__Task to carry out__:
Write out the stretch of lines below that begins at the line with "Clean Modern Trifold" and ends at the line with "Bockerlbahnweg Am Spitzingsee", including both, exactly as given and nothing more.

Available data Start Marker

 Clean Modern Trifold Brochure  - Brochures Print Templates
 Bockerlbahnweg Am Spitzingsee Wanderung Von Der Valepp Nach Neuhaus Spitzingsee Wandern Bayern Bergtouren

Available data End Marker
Available data Start Marker

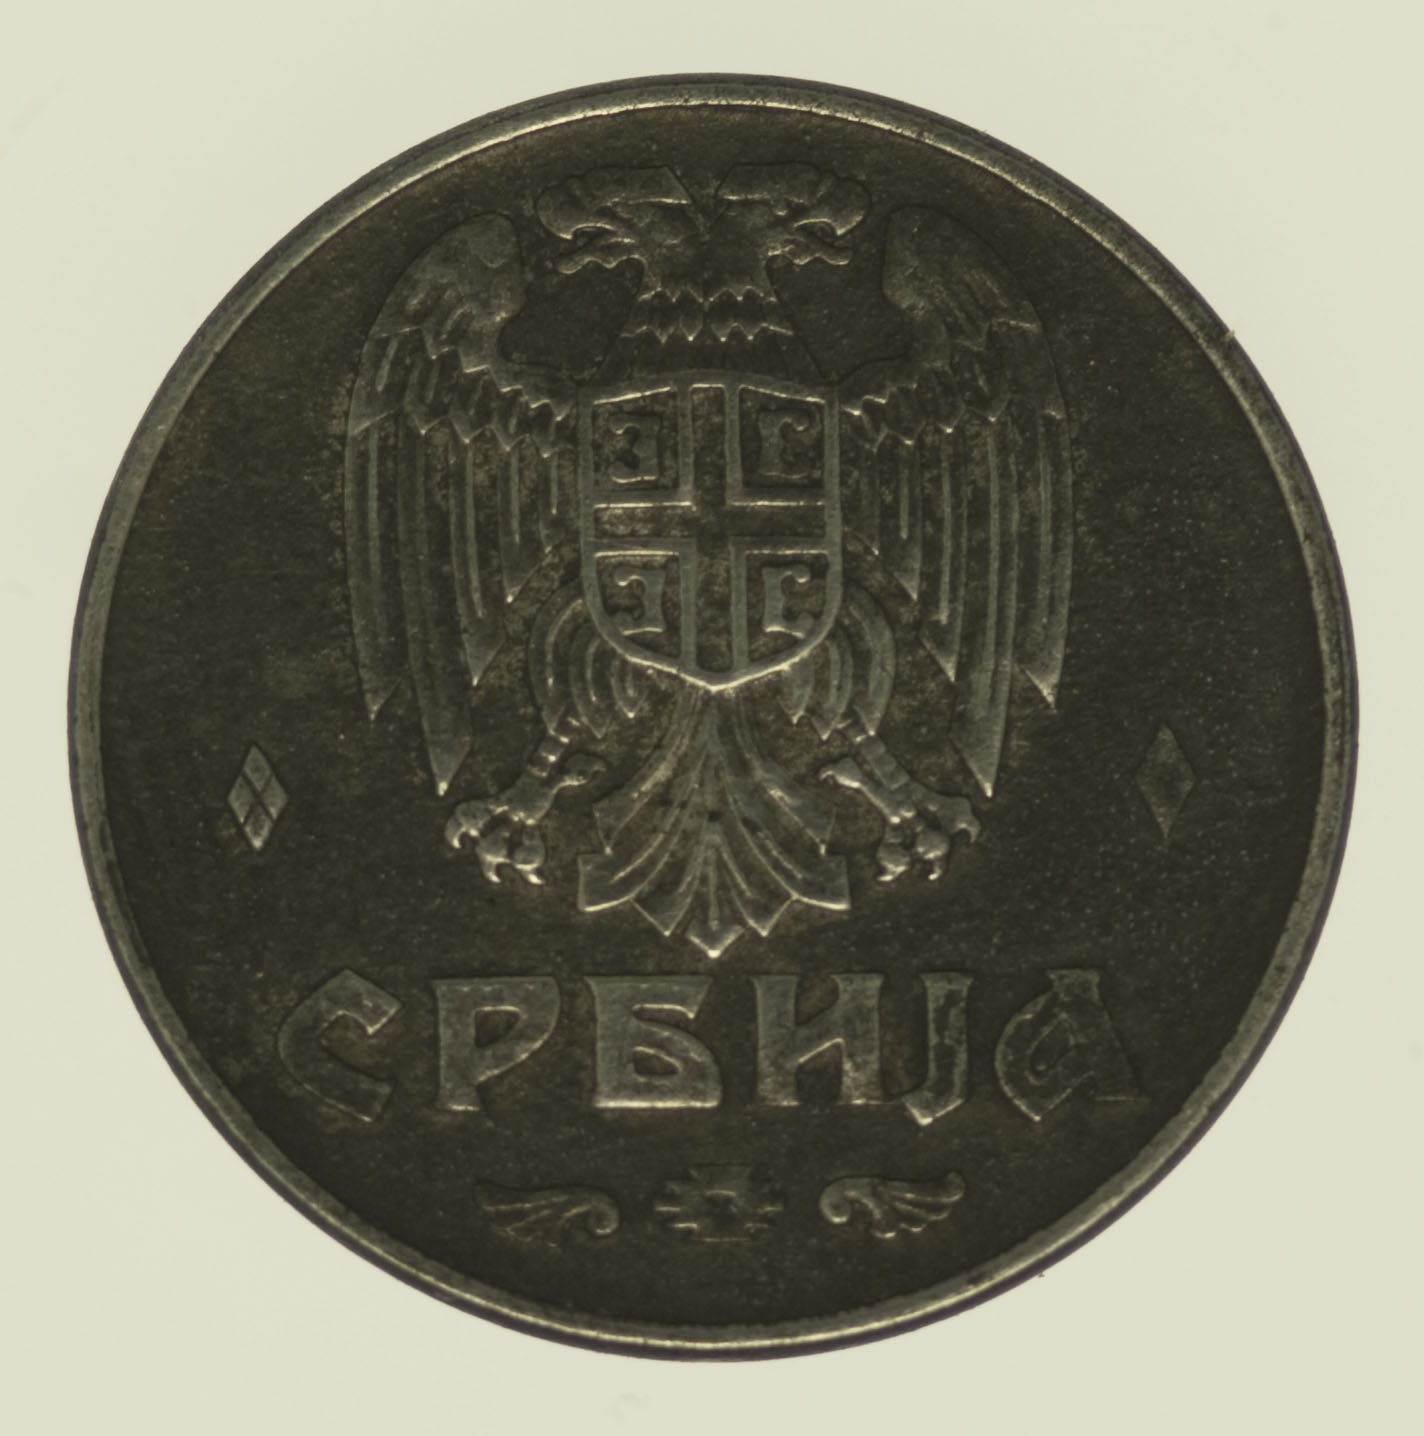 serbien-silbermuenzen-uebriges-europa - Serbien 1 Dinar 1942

Available data End Marker

__Exercise result__:
 Clean Modern Trifold Brochure  - Brochures Print Templates
 Bockerlbahnweg Am Spitzingsee Wanderung Von Der Valepp Nach Neuhaus Spitzingsee Wandern Bayern Bergtouren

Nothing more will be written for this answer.